# Regression

Let’s think about the problem of solving $\min||Ax-b||$ where $A$ is an $m \times n$ matrix. Let’s instead look at minimizing the objective function $f(x) = \|Ax-b\|^2$.

First, we’ll calculate the gradient and set it equal to zero, since we know that must be the global minimum of our objective,
$\nabla f = 2A^{T}(Ax-b) = 0$
$\implies A^{T}Ax = A^{T}b$

Then, if $A^{T}A$ has full rank (or, equivalently, $A$ has full column rank), then $x = (A^{T}A)^{-1}A^{T}b$ is the unique solution.

$\min \|Ax-b\| = dist(b,S)$

The proof that this minimum is unique is left as an exercise.

So, the optimal $\hat{x}$ achieves $A\hat{x} = \hat{b}$.

Lemma 1.
$A(A^{T}A)^{-1}A^{T}$ is the orthogonal projection from $\mathbb{R}^m$ to $S = span\{\vec{a_1} \dots \vec{a_n}\}$.

Proof.
Take any column of $A$, say $\vec{a_i} = A\vec{e_i}$. Then, $A(A^{T}A)^{-1}A^{T}\vec{a_i} = A\vec{e_i} = \vec{a_i}$
Now consider any $y \bot \{\vec{a_i} \dots \vec{a_n}\}$, so $y \cdot \vec{a_i} = 0\ \forall i = 0 \dots n$.
Then, $A(A^{T}A)^{-1}A^{T}y = 0$.
So, for any vector $y \in \mathbb{R}^m$, $y = \sum_{i}\alpha_{i}\vec{a_i} + y'$
$A(A^{T}A)^{-1}A^{T}y = A(A^{T}A)^{-1}A^{T}(A\sum_{i}\alpha_{i}\vec{e_i})$
$= \sum_{i}\alpha_{i}\vec{a_i}$ is the projection of $y$ onto $span\{\vec{a_1} \dots \vec{a_n}\}$. $\square$

What if the columns of $A$ are not linearly independent, and so, $(A^{T}A)^{-1}$ is not well defined?

Let’s get familiar with what’s known as the Singular Value Decomposition,
$A = UDV^T$, with the following definitions,
$r = rank(A)$
$\sigma_1 \geq \dots \geq \sigma_r > 0$
$U = \{\vec{u_1} \dots \vec{u_r}\}$ orthonormal columns in $\mathbb{R}^m$
$D = Diag(\sigma_1 \dots \sigma_r)$
$V = \{\vec{v_1} \dots \vec{v_r}\}$ orthonormal columns in $\mathbb{R}^n$

Theorem 1.
For any $A \in \mathbb{R}^{m \times n}$, the singular values are unique.

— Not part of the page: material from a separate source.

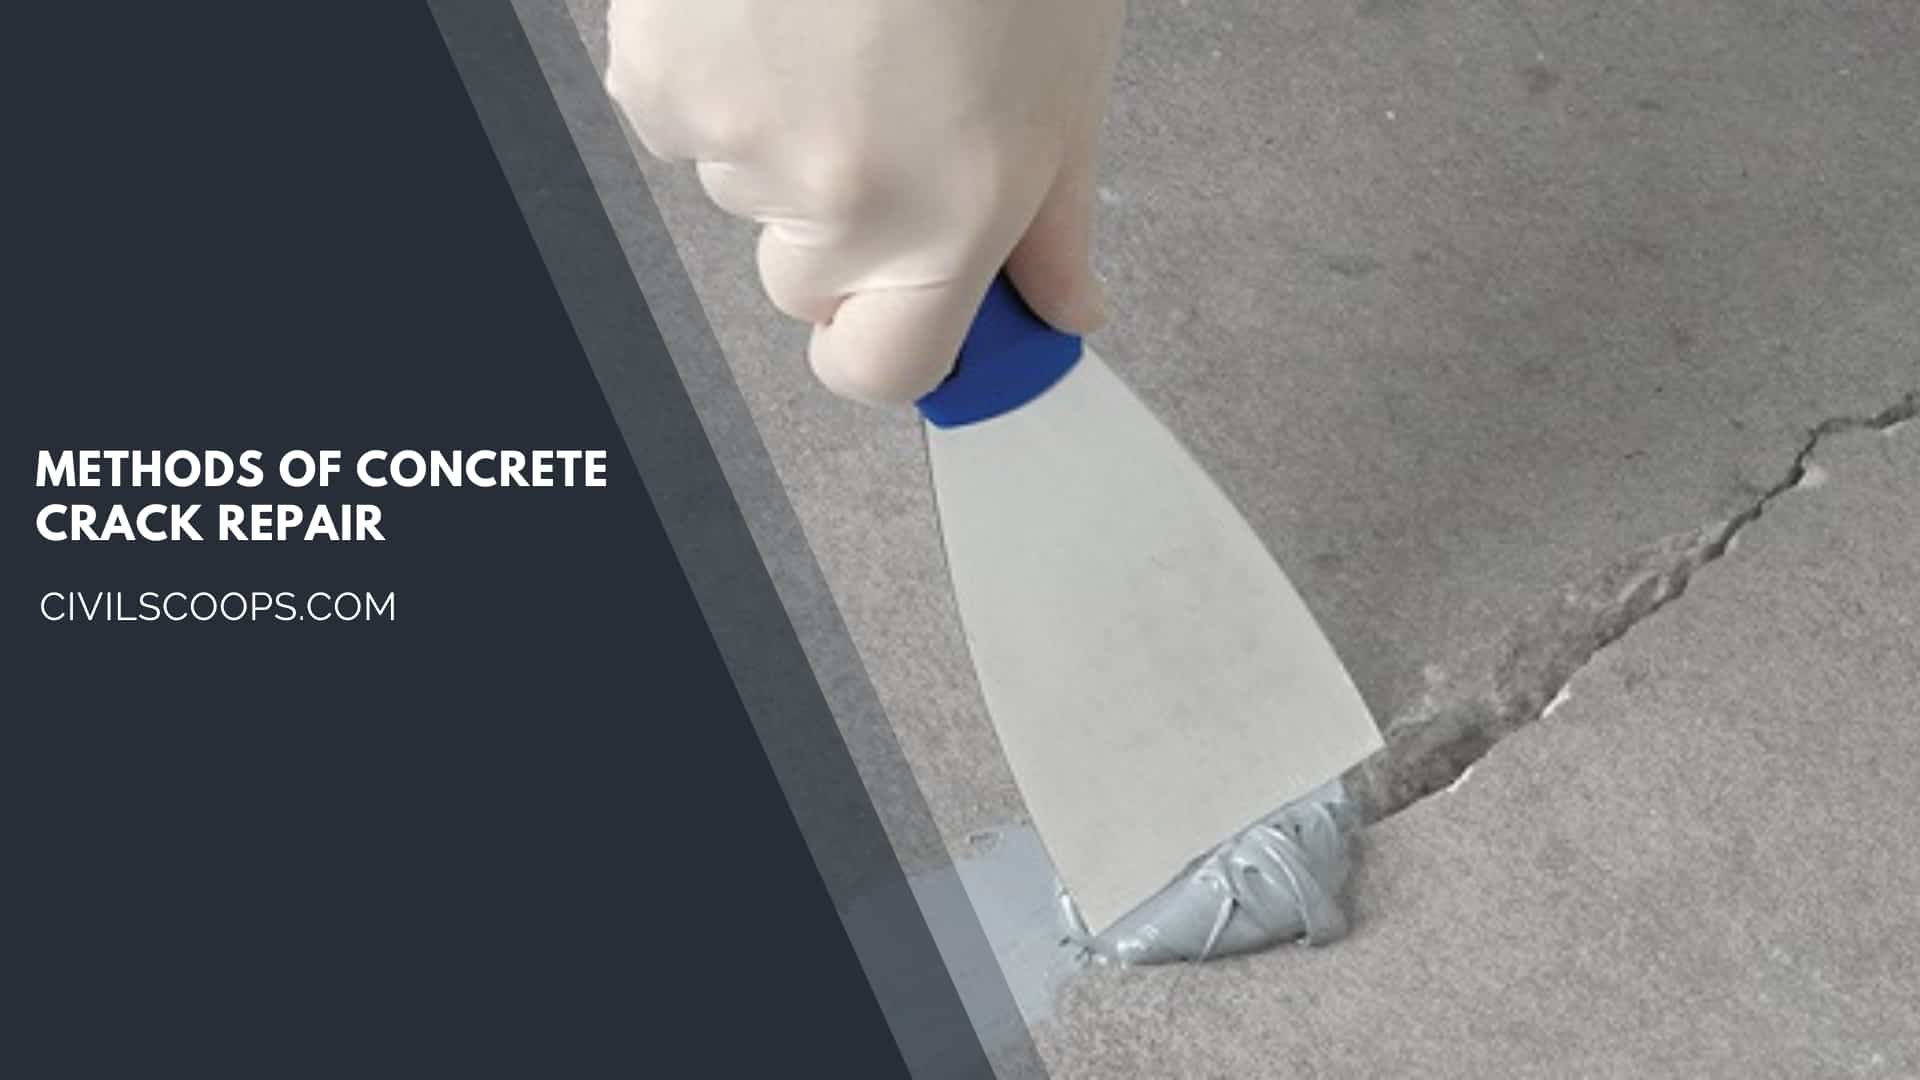 Methods of Concrete Crack Repair

The singular values are paired $u_{i}, v_{i}$ such that ,
$Av_i = \sigma_{i}\vec{u_i}$
AND
$\vec{u_i}^{T}A = \sigma_{i}\vec{v_i}$

Fact.
If $A$ is nonsingular, then $A^{-1} = VD^{-1}U^{T}$.

Proof.
If $A$ is nonsingular, $m = n = r$. Therefore, $AA^{-1} = UDV^{T}VD^{-1}U^{T} = UU^{T}$. We know $U^{T}U = I \implies U^T = U^{-1} \implies UU^T = I$. $\square$

To continue our search for $\arg\min_{x}\|Ax-b\|$, we will need to be familiar with the pseudo-inverse of $A$, $A^+ = VD^{-1}U^{T}$. Note the following properties,
$U^{T}U = V^{T}V = D^{-1}D = I$ which we will use in the following,
$AA^{+}A = UDV^{T}VD^{-1}U^{T}UDV^{T} = UDV^{T} = A$
$A^{+}AA^{+} = A^{+}$

Theorem 2.
$\arg\min_{x}\|Ax-b\| = A^{+}b$

Proof.
We know that the solution must satisfy $A^{T}Ax = A^{T}b$. Let’s verify that $x = A^{+}b$ satisfies this condition.
$A^{T}Ax = VDU^{T}UDV^{T}VD^{-1}U^{T}b = VDU^{T}b = A^{T}b$
But, is this solution unique?
$Ax = AA^{+}b = UDV^{T}VD^{-1}U^{T}b = UU^{T}b$
Remember, $U$ has orthonormal columns; so, it’s columns form a basis of $span\{\vec{a_1} \dots \vec{a_n}\}$.
$\vec{u_i} \cdot b$ are the coordinates of $b$ along $\vec{u_i}$.
The projection of $b$ onto $span\{\vec{a_1} \dots \vec{a_n}\}$ is exactly $UU^{T}b$.
So, $A^{+}b$ is the unique minimum solution. $\square$